-------- DATA

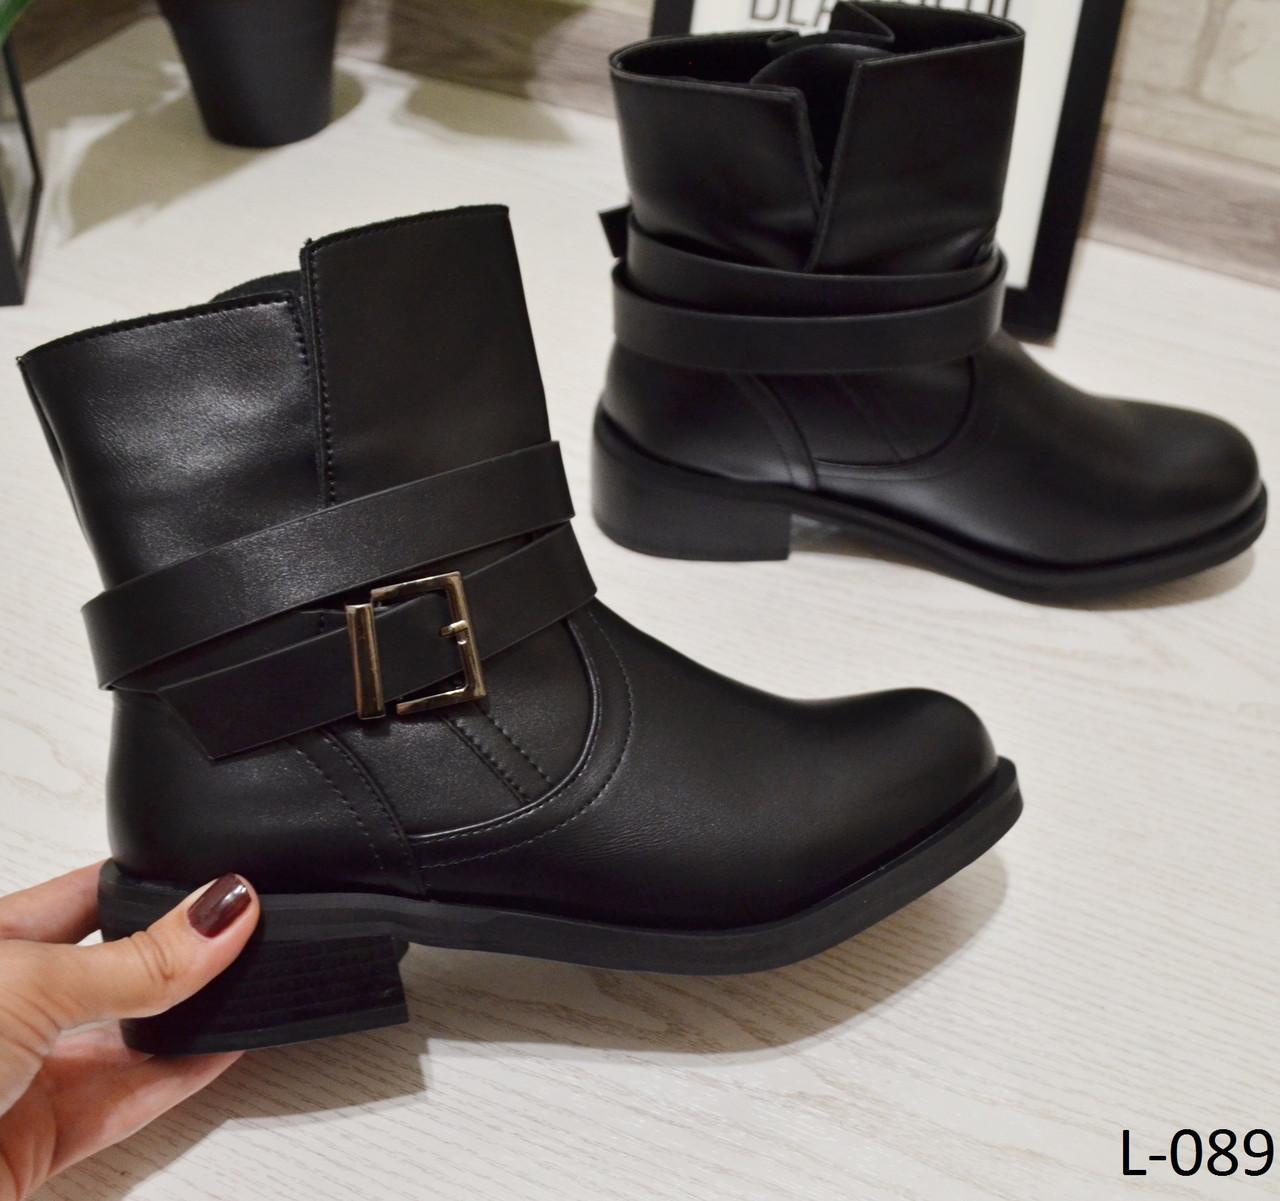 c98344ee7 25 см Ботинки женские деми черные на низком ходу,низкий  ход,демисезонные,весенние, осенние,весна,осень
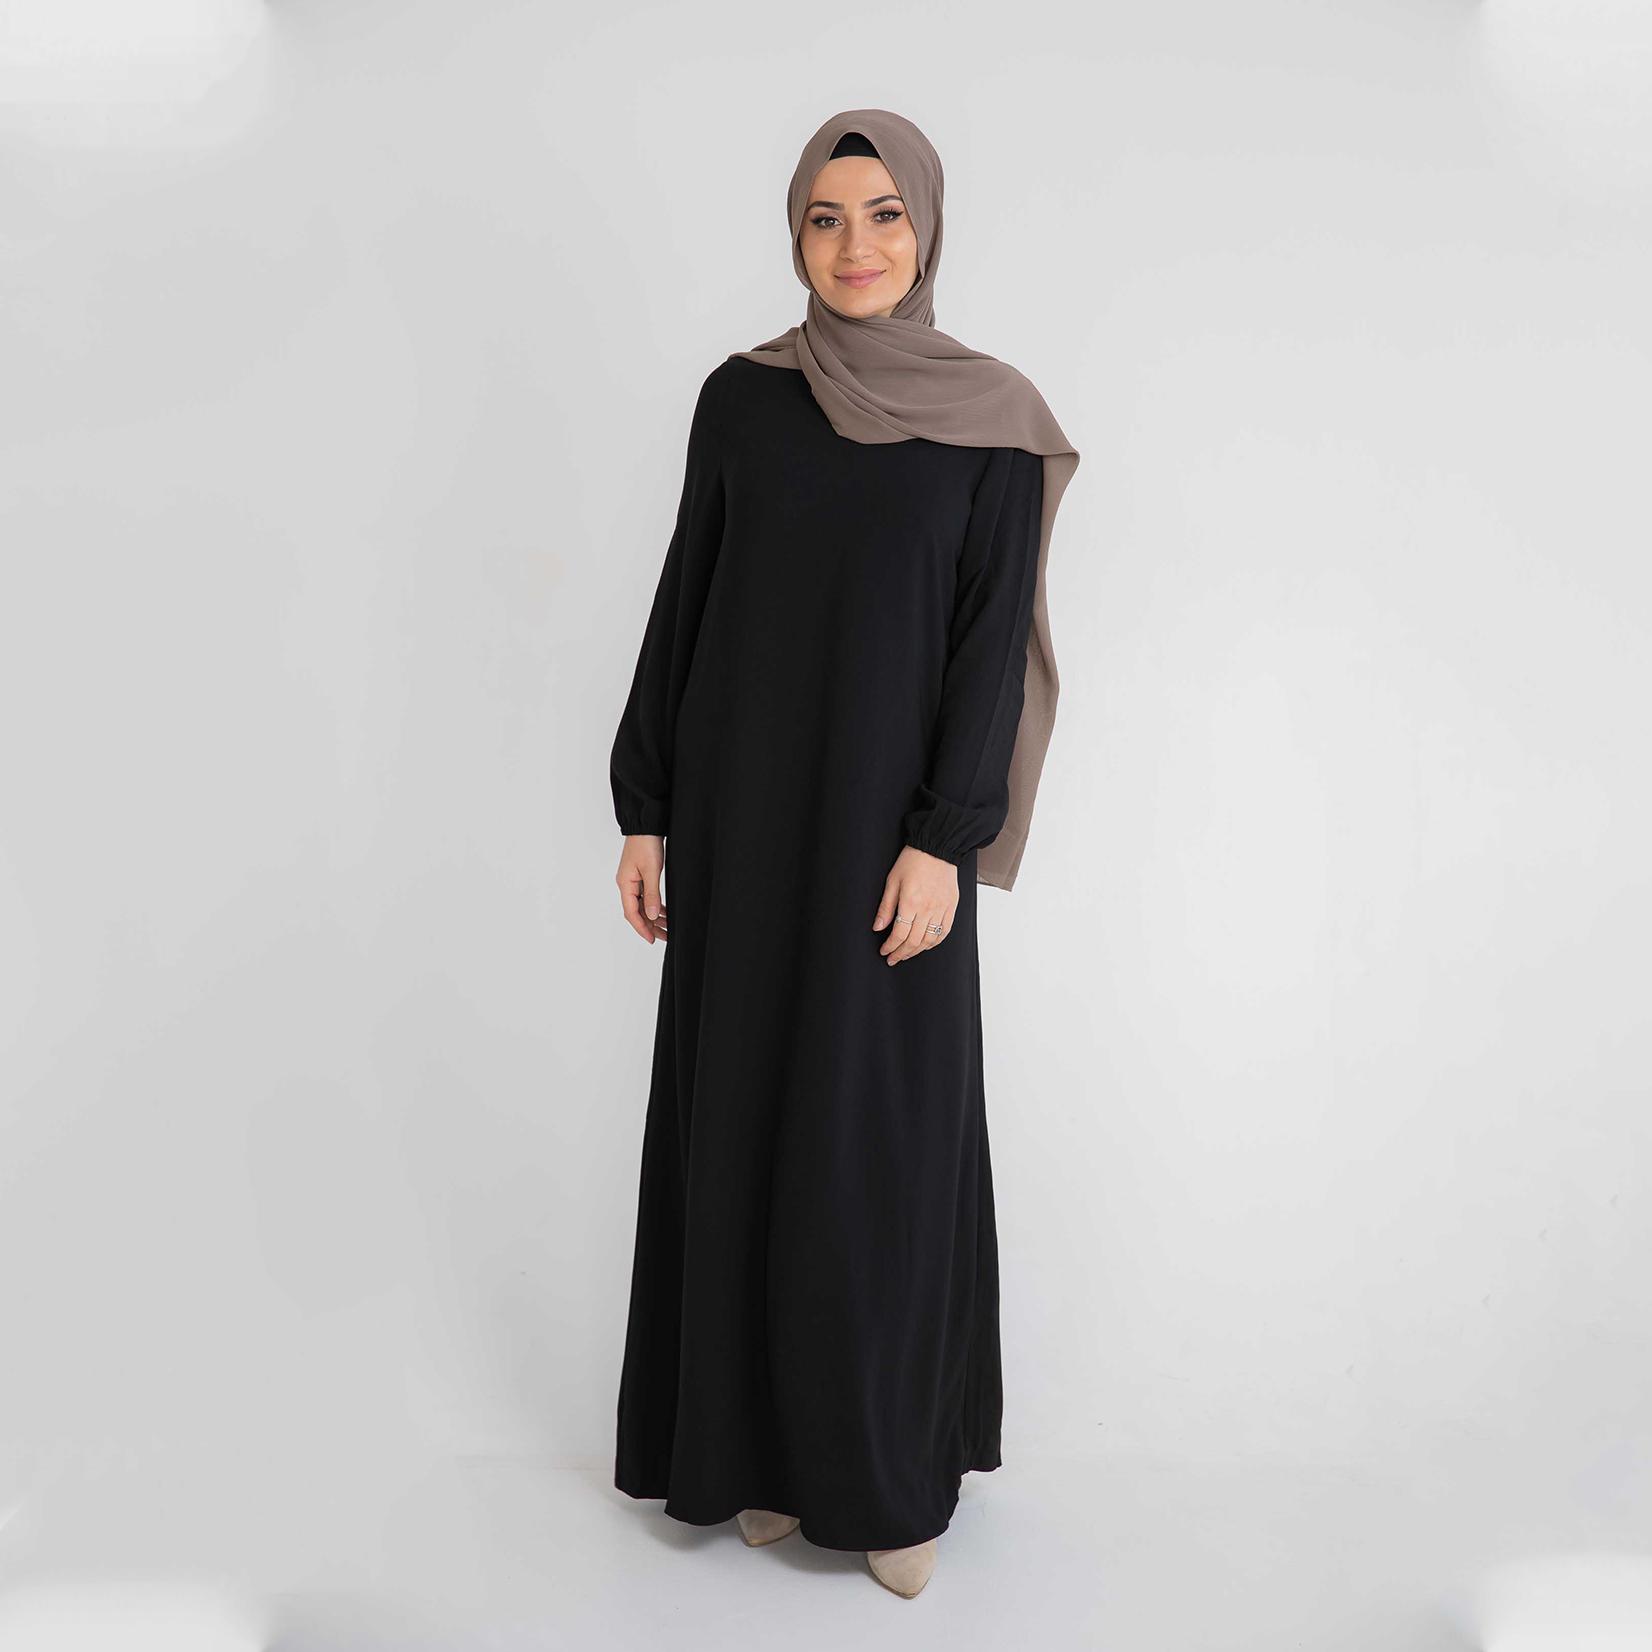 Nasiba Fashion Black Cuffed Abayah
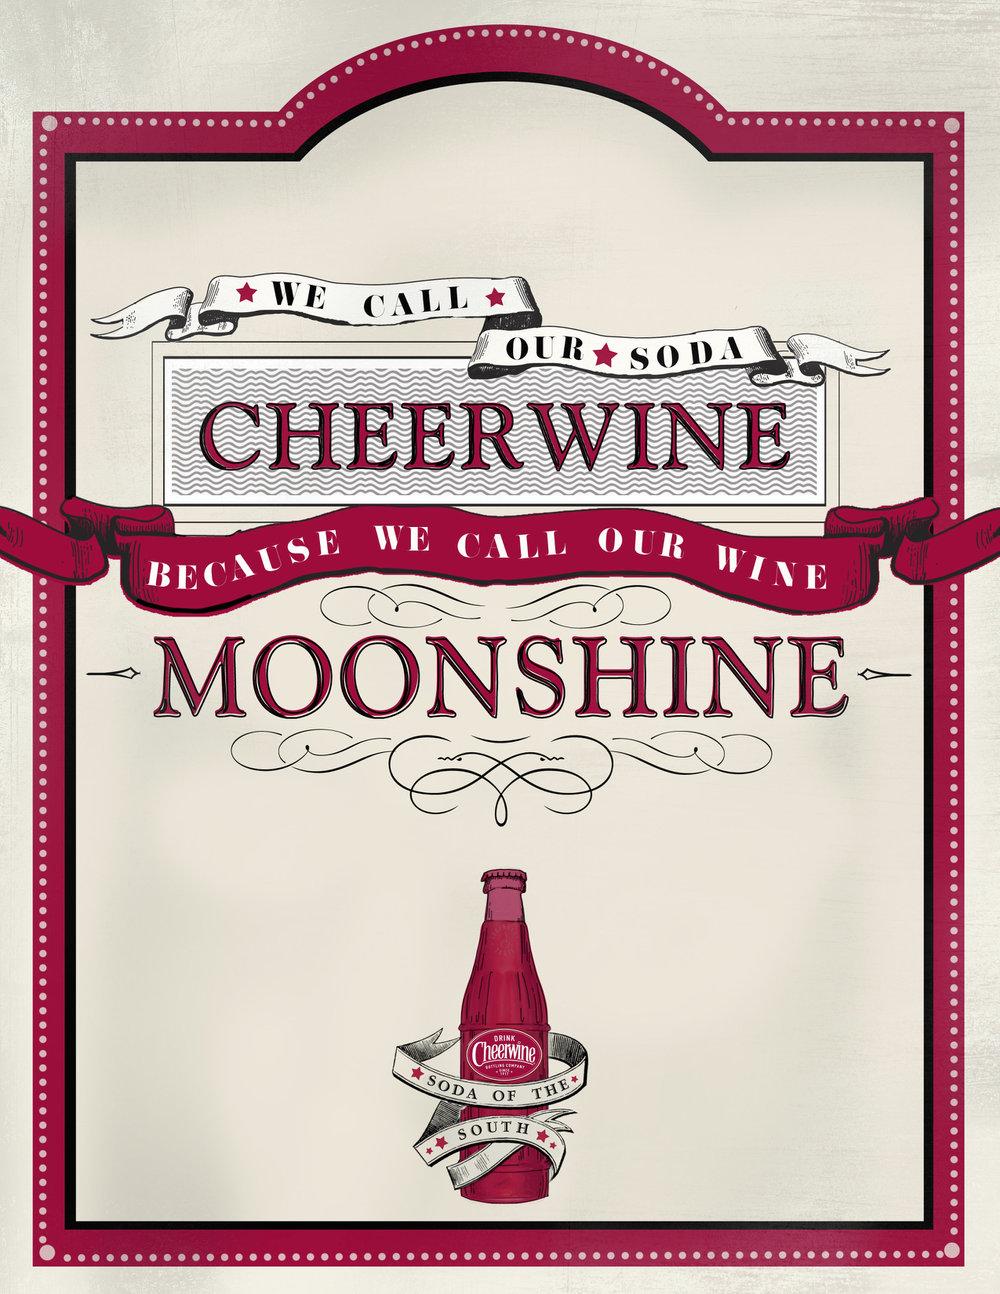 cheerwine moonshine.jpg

----------------

▶ [WHAT YOU SHOULD DO]:
Copy out all the data exactly; skip the pictures.

▶ [RESPONSE FOR THIS EXERCISE]:
 c98344ee7 25 см Ботинки женские деми черные на низком ходу,низкий  ход,демисезонные,весенние, осенние,весна,осень
 Nasiba Fashion Black Cuffed Abayah
 cheerwine moonshine.jpg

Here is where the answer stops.